The code compiles, and then produces 2 outputs.

1- Prints the schema to console:

Schema {
  fields:[
    Field { name: "Date", data_type: Int64, nullable: true, dict_id: 0, dict_is_ordered: false, metadata: {} },
    Field { name: "Value", data_type: Float64, nullable: true, dict_id: 0, dict_is_ordered: false, metadata: {} },
    Field { name: "High", data_type: Float64, nullable: true, dict_id: 0, dict_is_ordered: false, metadata: {} },
    Field { name: "Low", data_type: Float64, nullable: true, dict_id: 0, dict_is_ordered: false, metadata: {} },
    Field { name: "Entry", data_type: Float64, nullable: true, dict_id: 0, dict_is_ordered: false, metadata: {} }
  ],
  metadata: {} 
}

2- Prints an error to console:

Error: ParseError("Error while parsing value Date for column 0 at line 0")

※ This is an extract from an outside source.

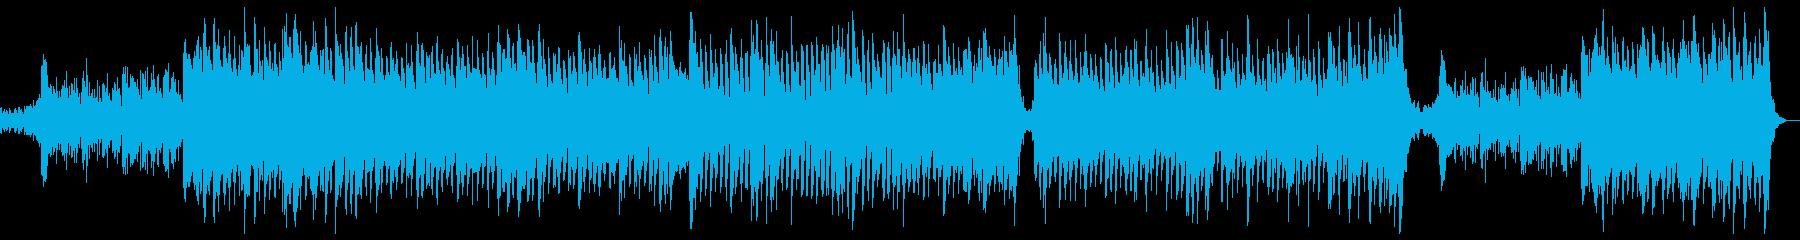 明るく華やかポップオーケストラ:ブラス抜の再生済みの波形

First it feels to me that the inferred Schema is correct. But then I don't get the error. Why it can infer a correct Schema but then not be able to parse some value right away?

Whatever I try, I am not able to get rid of the error, and don't really get what's going wrong. I tried to reduce my CSV file to fewer and/or simpler schema, and the issue remains the same.


Solution

  • This happens because ReaderBuilder by default expects the csv data only (e.g. without the header row).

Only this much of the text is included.